#DailyDevotion The Christian Life Is Emulating The Life Of The Trinity
Ephesians 4:1–6 So I, a prisoner in the Lord, urge you to live as people whom God has called should live. 2 Be humble and gentle in every way, be patient, and lovingly bear with one another. 3 Do your best to keep the oneness of the Spirit by living together in peace: 4one body and one Spirit – even as you have been called to share one hope – 5one Lord, one faith, one baptism, 6one God and Father of all, Who rules over us all, works through us all, and lives in us all.
For three chapters Paul has been telling us all the good things God the Father has done for us in Christ Jesus. How he chose us before the world began to be his children. The Father out of his grace for us in Christ Jesus justified us, declared us righteous on account of Jesus’ work and how we received this through faith. The Father grants us access to the throne of his grace and bestows upon us great spiritual things even without us asking for we don’t even know what we should ask for. Now Paul begins to tell what sort of lives we should live if we believe all this this true and by the power of the Good News of Jesus Christ, we will begin to live our lives like this.
The first way we should live as people whom God has called is being humble and gentle in every way. This is not the way of the world. The way of the world is power, force, and look at me, see how great I am and what I have done. But what does Jesus say in Mark 10? 43”But among you it’s different. Anyone who wants to become great among you will have to serve you, 44and anyone who wants to be first among you will have to be everyone’s slave. 45Why, even the Son of Man didn’t come to be served but to serve and give His life as a ransom for many people.” Such is the way for God’s people to emulate Jesus in his humility. We are called to put others needs first. We follow Christ and are considered great by serving one another.
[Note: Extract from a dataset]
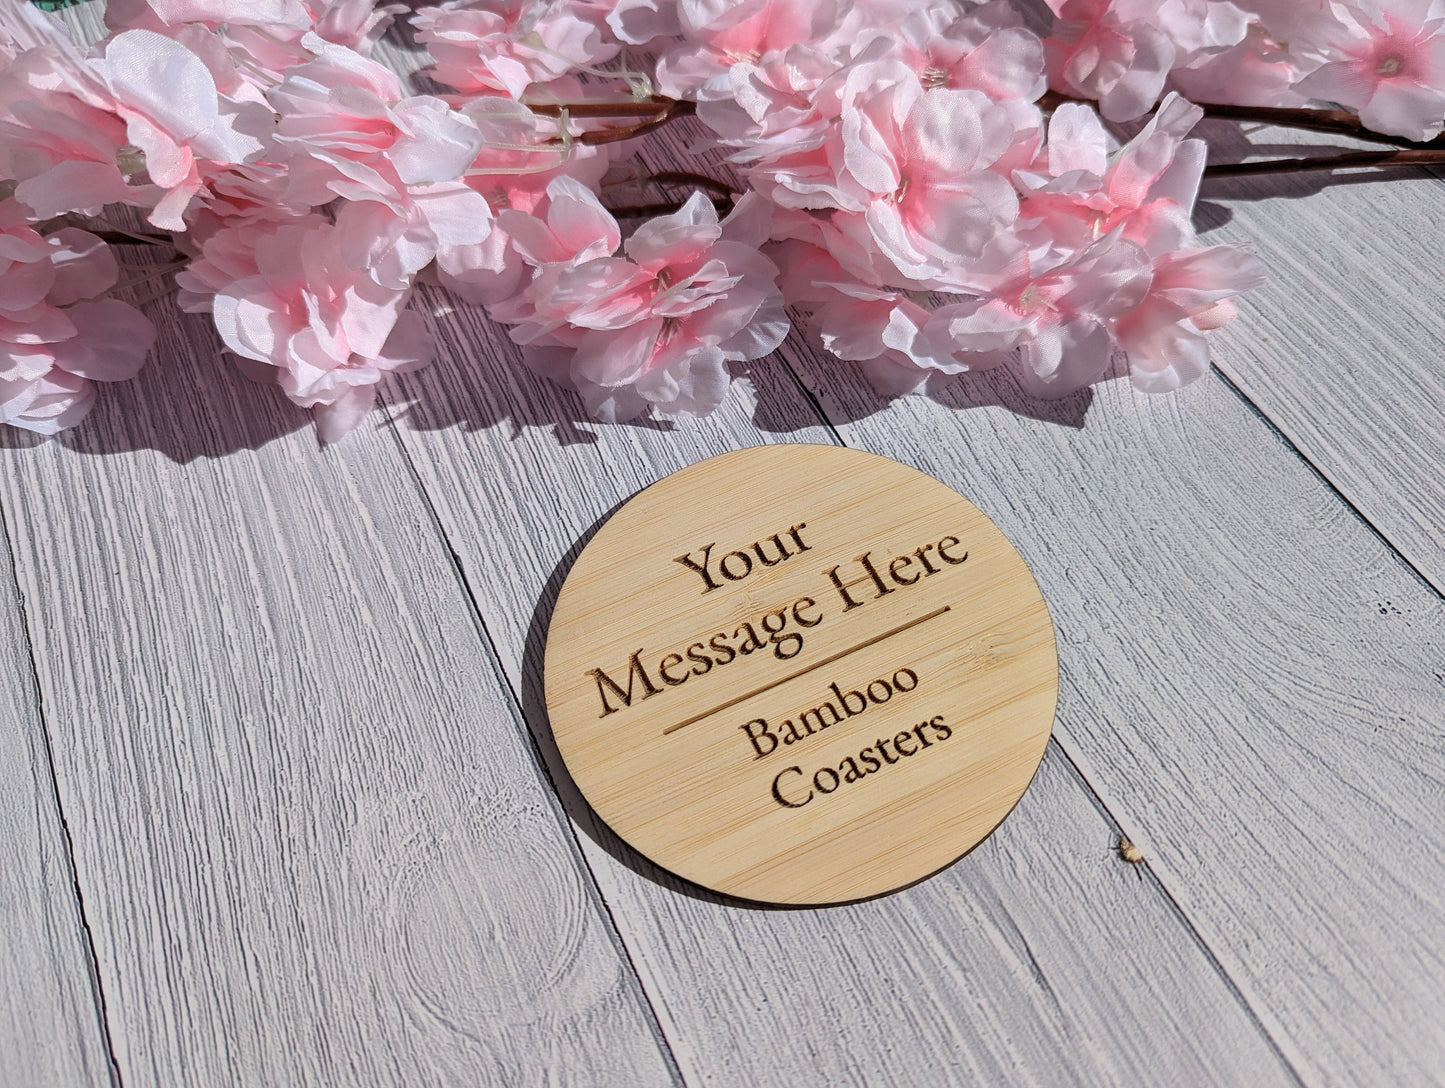 Personalised Bamboo Coasters - Sustainable Gift for Any Occasion, Custom Coasters, Eco Friendly Coasters, Father's Day Gift

As disciples of Christ, who believe the Good News, we are called to be patient and lovingly bear with one another. Actually the force of that ‘lovingly’ and ‘one another’ covers the two pairs of words: humble and gentle, patient and bearing. It is we do these four things ‘in love’ i.e. ‘in Jesus’ (cf. Chapter 1 opening statements ‘in love’). I really prefer “put up with” rather than “bear with” probably because when I don’t want to, when I need to be reminded it, I am not ‘feeling love’ at the moment, but I am recalled to do that ‘in love’ i.e. ‘in Christ’ for the other. Note while it is great if we can extend this to the general population, Paul is particularly talking about being this way with our Christian population, the people in our congregation. Jesus’ commandment to his disciples is to love one another as he has loved us. His commandment to the world is love your neighbor as yourself.
We are called to keep the oneness of the Spirit by living together in peace. Paul then shows the oneness of the Christian and divine life. There is oneness in the life of the Trinity. We have been called live out that oneness, as the image of God, in our Christian lives with one another. The oneness of the body, Spirit, hope, Lord, faith, baptism, God and Father, (did you see the Trinitarian reference there Spirit, Lord, Father?) pours forth in our life as the Church and members of that same. The economy of the Trinity and the Church are mirrored as one flows into the other.
Heavenly Father, as you have called us as one Church in the image of the Trinity, give us your Spirit that we may demonstrate your oneness and love in our lives. In Jesus’ name we pray. Amen.